FEUP-Faculdade de Engenharia da Universidade do Porto, 4200-465 Porto, Portugal.
IT-Instituto de Telecomunicações, 1049-001 Lisboa, Portugal.
Sensors (Basel). 2022 May 31;22(11):4201. doi: 10.3390/s22114201.
This article proposes a new method of identity recognition in sanitary facilities based on electrocardiography (ECG) signals. Our team previously proposed a novel approach of invisible ECG at the thighs using polymeric electrodes, leading to the creation of a proof-of-concept system integrated into a toilet seat. In this work, a biometrics pipeline was devised, which tested four different classifiers, varying the population from 2 to 17 subjects and simulating a residential environment. However, for this approach to be industrially viable, further optimization is required, particularly regarding electrode materials that are compatible with industrial processes. As such, we also explore the use of a conductive silicone material as electrodes, aiming at the industrial-scale production of a toilet seat capable of recording ECG data, without the need for body-worn devices. A desirable aspect when using such a system is matching the recorded data with the monitored user, ideally using a minimal sensor set, further reinforcing the relevance of user identification through ECG signals collected at the thighs. Our approach was evaluated against a reference device for a population of 17 healthy and pathological individuals, covering a wide age range (24-70 years). With the silicone composite, we were able to acquire signals in 100% of the sessions, with a mean heart rate deviation between a reference system and our experimental device of 2.82 ± 1.99 beats per minute (BPM). In terms of ECG waveform morphology, the best cases showed a Pearson correlation coefficient of 0.91 ± 0.06. For biometric detection, the best classifier was the Binary Convolutional Neural Network (BCNN), with an accuracy of 100% for a population of up to four individuals.
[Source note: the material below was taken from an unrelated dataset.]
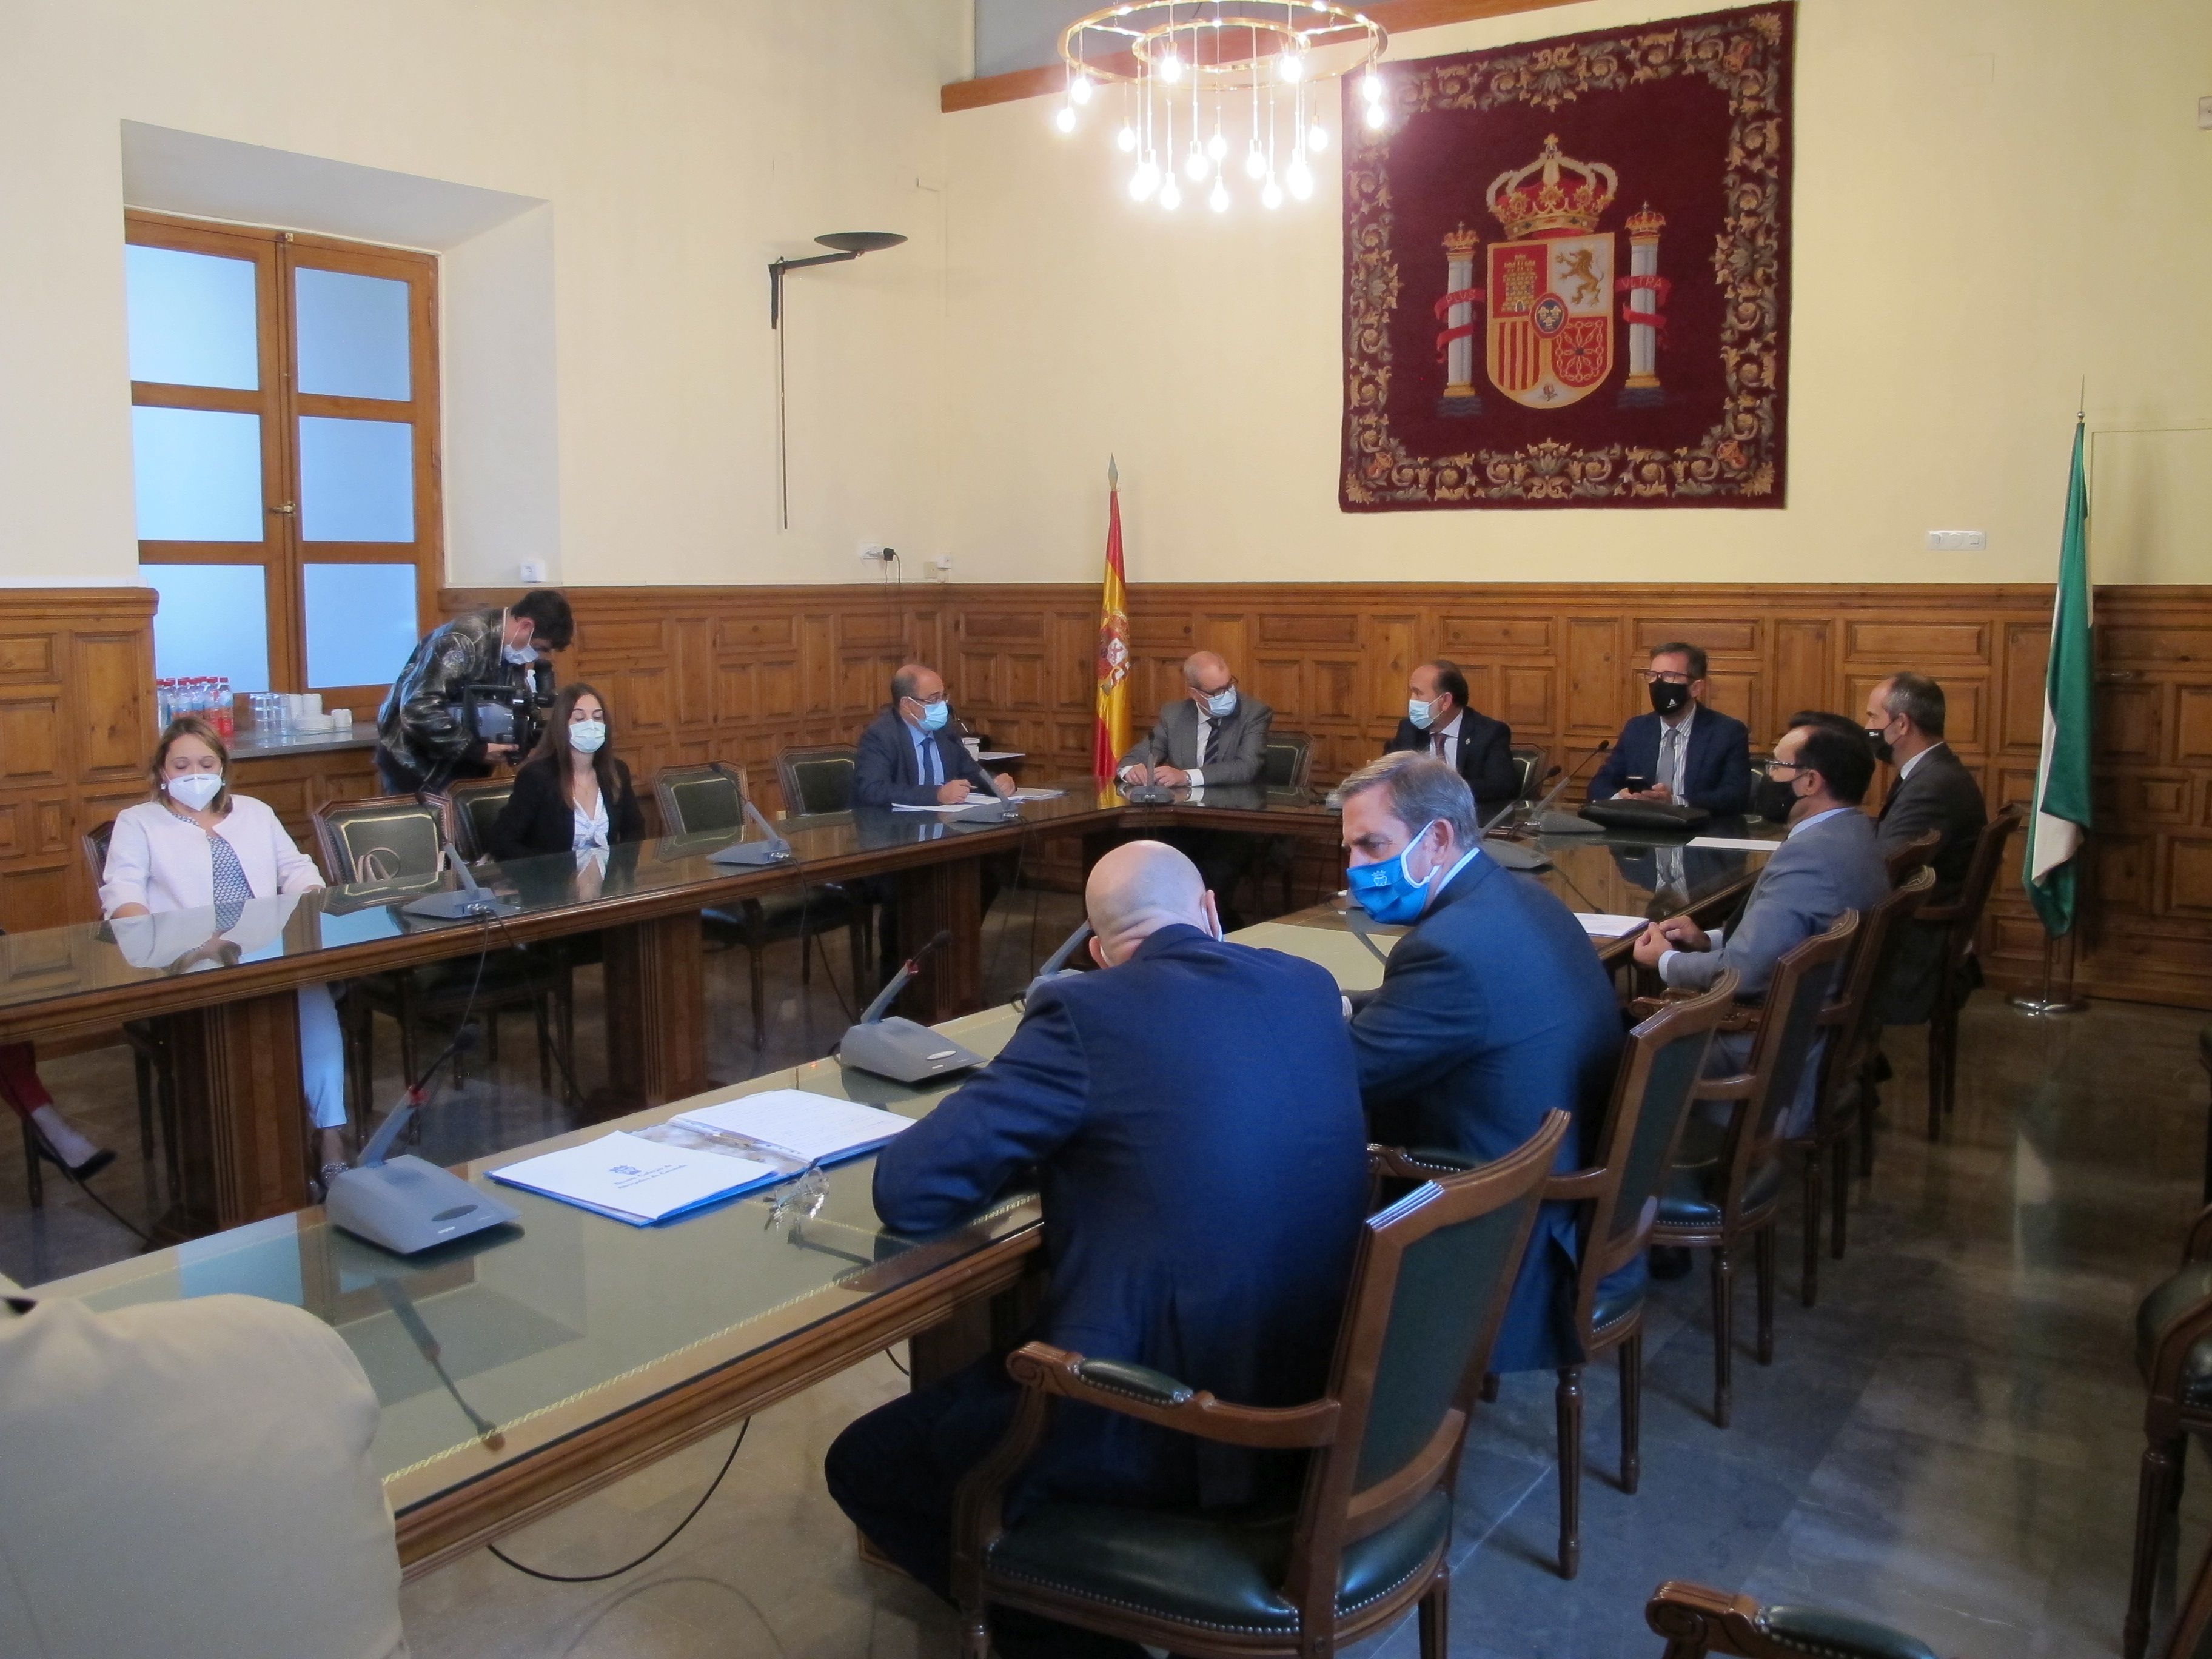 Justicia creará un nuevo juzgado de los Mercantil en Granada

本文提出了一种基于心电图(ECG)信号的卫生设施身份识别新方法。我们的团队之前提出了一种在大腿上使用聚合物电极进行不可见 ECG 的新方法,从而创建了一个集成在马桶座上的概念验证系统。在这项工作中,设计了一个生物识别管道,该管道测试了四种不同的分类器,人群从 2 到 17 个受试者不等,并模拟了居住环境。然而,为了使这种方法在工业上可行,需要进一步优化,特别是关于与工业过程兼容的电极材料。因此,我们还探索了使用导电硅酮材料作为电极,旨在大规模生产能够记录 ECG 数据的马桶座,而无需使用佩戴在身体上的设备。当使用这样的系统时,一个理想的方面是将记录的数据与被监测的用户匹配,最好使用最小的传感器集,进一步加强通过在大腿上收集的 ECG 信号进行用户识别的相关性。我们的方法针对 17 名健康和病理个体的人群进行了评估,涵盖了广泛的年龄范围(24-70 岁)。使用硅酮复合材料,我们能够在 100%的会话中获取信号,参考系统和我们的实验设备之间的平均心率偏差为 2.82±1.99 次/分钟(BPM)。在 ECG 波形形态方面,最佳情况的皮尔逊相关系数为 0.91±0.06。对于生物识别检测,最佳分类器是二进制卷积神经网络(BCNN),对于最多四个个体的人群,准确率为 100%。